My heart sank. Before I even heard the rest of the message, just hearing my brother’s name sent me into tears. I had to replay the message multiple times before I could understand it. My brother was trying to trade in the Jeep for a new truck, and they needed authorization from me since I was the primary.

I sat on the toilet for 10 minutes trying to compose myself. Thoughts were running through my mind. I couldn’t stop crying. It wasn’t just about the truck. It was about everything.

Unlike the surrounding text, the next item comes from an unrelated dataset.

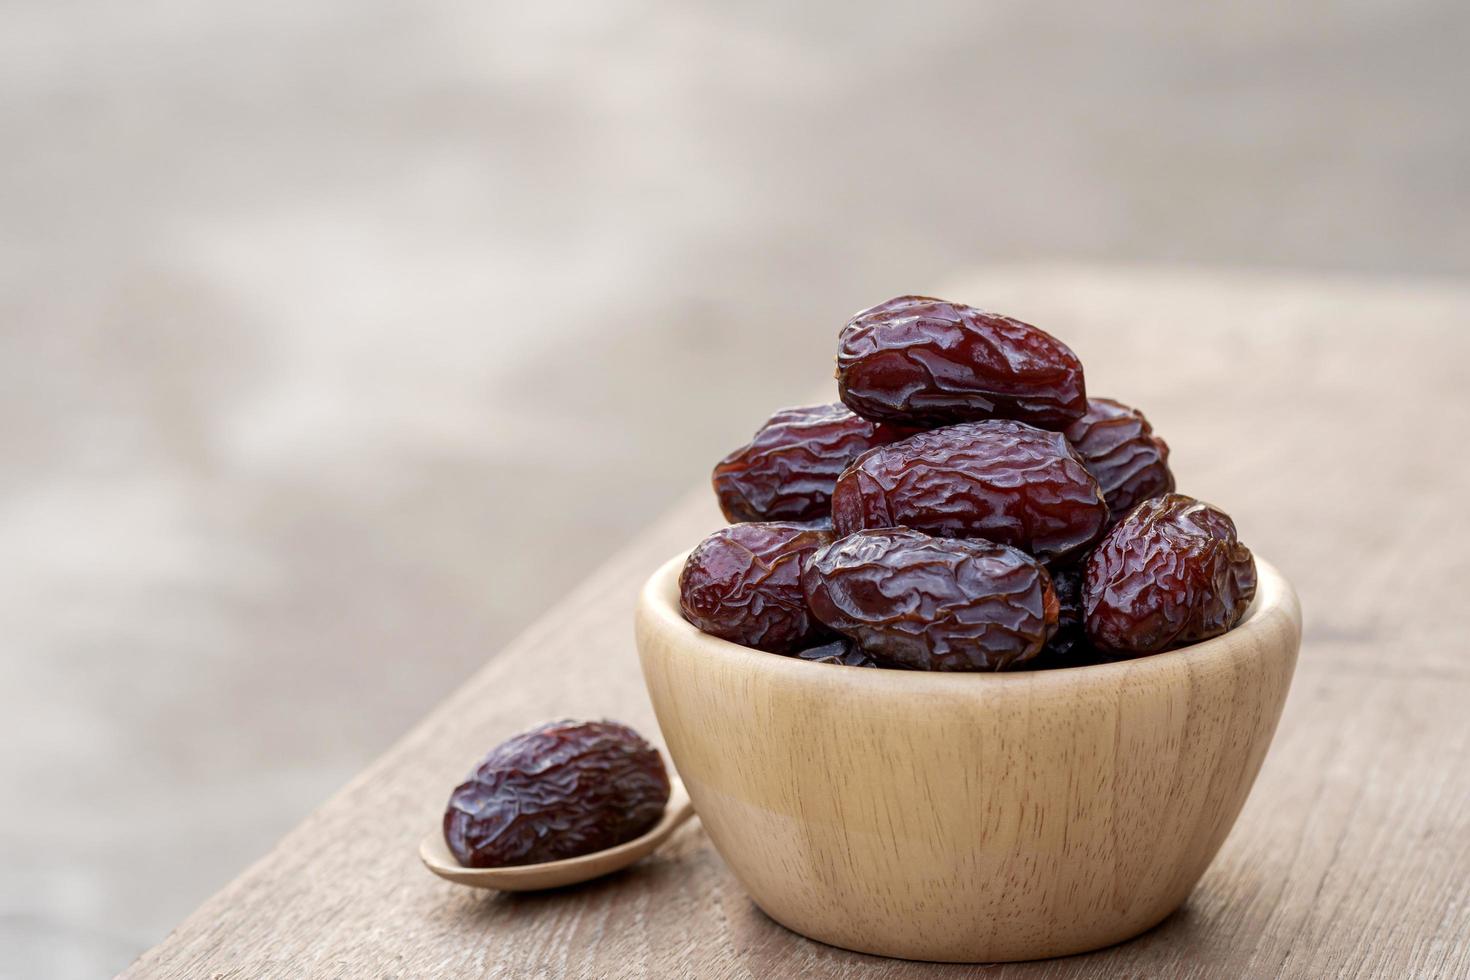 medjool datteri o datteri frutta in ciotola di legno e cucchiaio sul tavolo, questo frutto è altamente nutriente e viene comunemente consumato durante il digiuno o il ramadan. foto
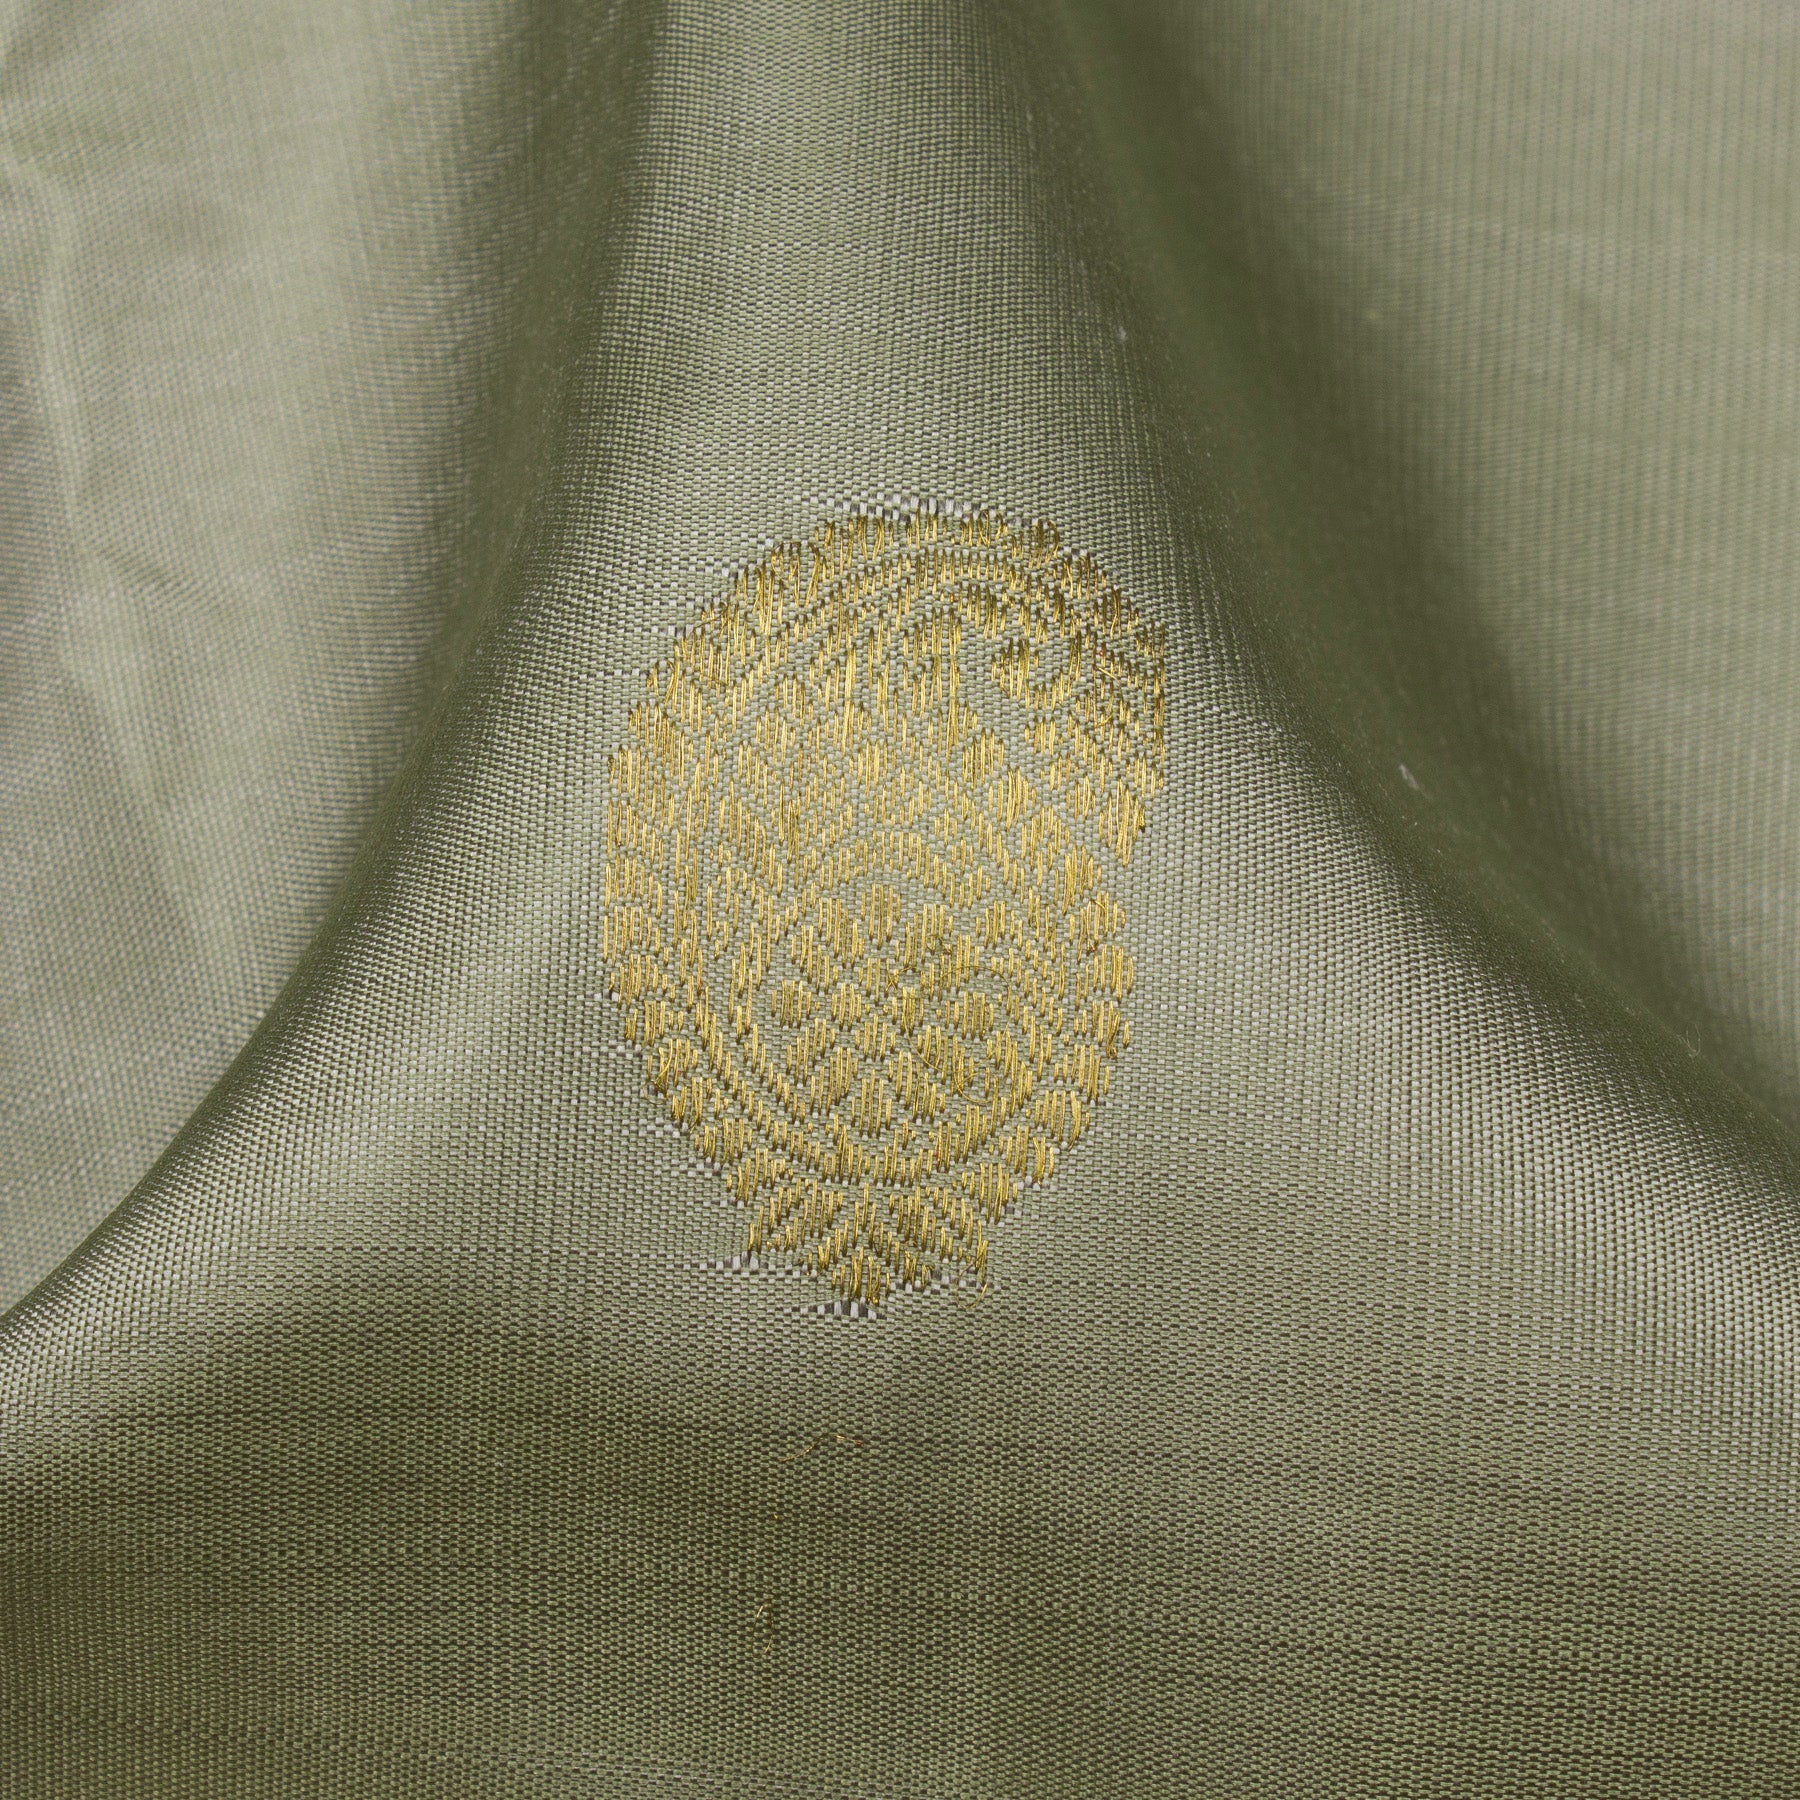 Kanakavalli Kanjivaram Silk Sari 23-040-HS001-14545 - Fabric View

One of the many stories my mother and brother told people was that I changed my number after I left, so they were unable to contact me. I never changed my number. They never contacted me. But yet, by some miracle, my brother was able to give the dealership my phone number and they were able to get in contact with me. How could that be since I supposedly changed my number?

The only point of contact since I ran away was this phone call from a middle man car dealer, because my family once again needed something from me. I only matter when they need something from me. And that still hurts.

It bothers me that I poured all of my money into a vehicle that my brother was now trading in for a brand new (and a much more expensive) truck.

It bothers me that even though I had a choice to say no, it really wasn’t much of a choice at all. And I wanted to say no. My family doesn’t deserve these things. But if I say no, I’m the one that loses out. I’m the one that gets fucked over, because everything is in my name. Even though they can afford to pay off the loan and get my name off that way, they wouldn’t do that. They would never do the right thing.

So I had to be the bigger person and give my okay. I severed the last connection I had with my family. I had to make the most logical decision, even though it hurt (and still does hurt). I had to keep my emotions out of it. But part of me felt like I was in my mother’s control again. Here she was, controlling me from afar, without even needing to look at me. It makes me sick.

It makes me sick that I am struggling to stay afloat. It makes me sick that those thousands of dollars I put into that Jeep are the thousands of dollars I could be using right now to put food on the table that isn’t just rice and cheap chicken, thousands of dollars I could have used to pay off my mother’s credit debts that I am struggling to pay down.

My mother and brother don’t have to struggle. They now have a brand new truck, in addition to other vehicles that they don’t even need. They are blowing through my father’s life insurance payout like they’ve won the lottery, profiting from the death of a man who my mother hated and told to go and die. They have everything, and they don’t deserve any of it. Where is the fairness? Where is the justice?

It seems like the worst people continue to be rewarded, while the good people continue to struggle. My mother should be in jail. Instead, I’m the one living behind the bars she created in me.

My good friend told me “you got what you wanted, you have your freedom.”

And I know that. But I want justice, too.